The Nexus 7K is the platform of choice which provides high-density needed for large bandwidth networks, has a modular operating system which allows for programmability. The N7004 consumes 7RU of space but only provides 2 I/O slots, and is side-to-side airflow (although not a first-order concern, MSDCs prefer front-to-back, hot-isle, cold-isle cooling when they can get it). The N{7009|7010|7018} are preferable since their port-to-RU ratio is much higher (real-estate is a concern in MSDCs). If front-to-back airflow is required, the N7010 provides this function. N7009 and N7018 utilize side-to-side airflow. The building blocks in SDU testing employs all three N{7009,7010,7018} platforms.

Customers have voiced concern about complexities and costs of the M-series linecards, and thus requested simpler linecards that do less, but do those fewer tasks very fast and highly reliable. F2 fits very well with those requirements. It provides low-power per 10G port, low-latency, and utilizes ingress buffering to support large fanout topologies.

Note The F2 linecard is based on Cisco's Clipper ASIC detailed in Appendix C, "F2/Clipper Linecard Architecture".


New FIB management schemes are needed to meet the demands of larger networks. The number of loopbacks, point-to-point interfaces, and edge subnets are significantly higher than in traditional networks. And as MSDCs are becoming more cloud-aware, more virtualization-aware, the burden on a FIB can skyrocket.

Obviously, dedicating hardware such as TCAM to ever-growing FIBs is not scalable; the number of entries can grow to hundreds of millions, as seen in some MSDC customer's analysis. This is cost and power prohibitive.

Regardless of size, managing FIB churn is a conern.

Strategies to address this concern:

1. One strategy to manage FIB is merely to reduce the size of FIB by separating infrastructure6 routes from customer7 routes. If the network system could relegate hardware to simply managing infrastructure ONLY, this could take the FIB from hundreds of thousands, even millions, down to 24,000 or less. Customer routes could be managed by a system that is orthogonal to the infrastructure itself, this could be the network, or it could be off-box route controller cluster(s).

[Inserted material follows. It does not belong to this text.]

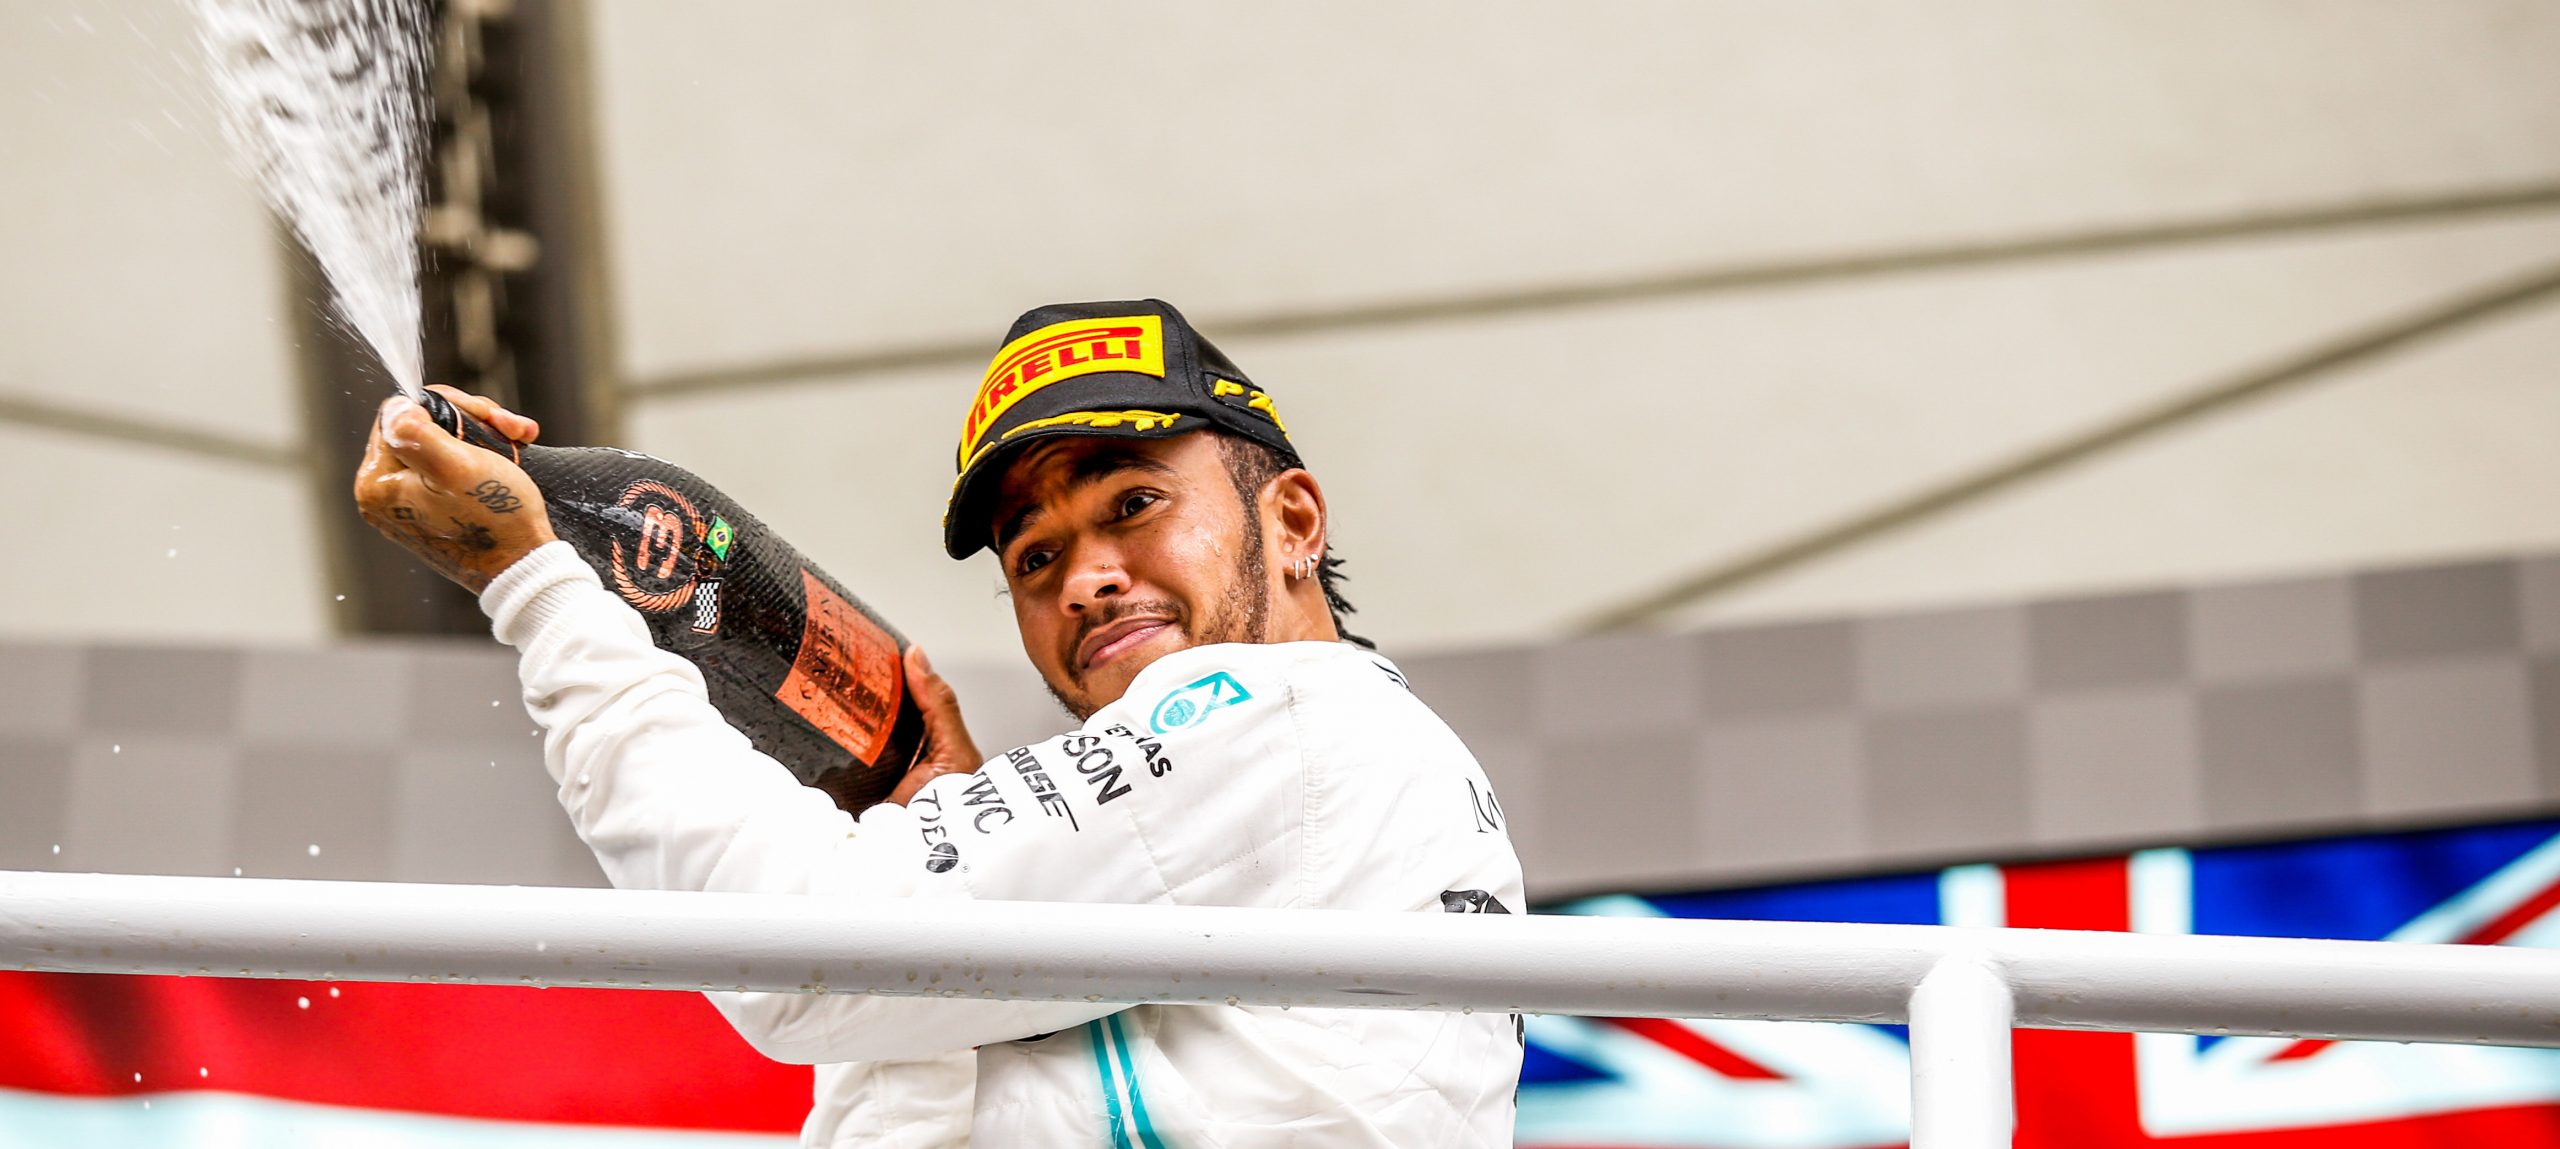 Mercedes-AMG Petronas Formula One Team's Lewis Hamilton wants to become Formula One World Champions for the 7th time in his career.

2. The strategy used in Phase 1 was to manage the FIB by learning routes over stable links - links that are directly connected routes. In such situations, churn is only introduced as physical links go down and is less fragile than a topology which completely relies on dynamic insertion of prefixes. For example, MSDC networks based on a 3-stage Clos architecture may have 32 Spine devices (N7K+F2) and 768 Leaf devices (N3064). The FIB will be comprised of a stable set of 24,576 point-to-points, 800 loopbacks, and then server subnets being advertised by the Leafs.

Interconnecting Building Blocks

As stated in the "Scale" section, MSDC data centers have many compononets comprising a single whole. Getting such resources to talk to one another, as well as delivering packets to and from the Internet, is non-trivial. Therefore it is recommended to review designs that make MSDC fabrics more robust and incrase resiliency.

Traditional Tree Hierarchy

Refering back to the "Traditional Data Center Design Overview" section, a traditional tree hierarchy may look similar to Figure 1-7.

Figure 1-7 Traditional, Hierarchical Design

These networks are characterized by a set of aggregation pairs (AGGs) which aggregate many access (aka Top of Rack) switches.

The bandwidth increases significantly near the root of the tree, but non-blocking functionality is not supported, therefore introducing significant oversubscription. Examples of oversubscription and blocking, in traditional architectures, are displayed in Figure 1-8.

Oversubscription—means ingress capacity exceeds egress capacity. In Figure 8, if you have a rack of 24x 10G attached servers, the ACC device needs at least 240G of port capacity facing the upstream layer to be 1:1 oversubscribed (1:1 would actually mean there is NO oversubscription). If the ACC device has 24x 10G server ports and 2x 10G uplinks, you have 12:1 oversubscription. To allow the entire network to operate at linerate, 1:1 oversubscription is required. However, not all networks need to provide 1:1 performance; some applications will operate fine when oversubscription occurs. Therefore in some scenarios non-blocking designs aren't necessary. The architect should have a thorough understanding of application traffic patterns, bursting needs, and baseline states in order to accurately define the oversubscription limits a system can tolerate.

Figure 1-8 Oversubscription Scenario

Blocking—Oversubscription situations at device level, and even at logical layers, are causes of applications getting blocked which results in network queueing. For example in Figure 1-9 server A wants to talk to server Z, but the upstream DIS layer is busy handling other inter-rack traffic. Since the DIS layer is overwhelmed the network causes server A to "block". Depending on the queueing mechanisms and disciplines of the hardware, queueing may occur at ingress to the DIS layer.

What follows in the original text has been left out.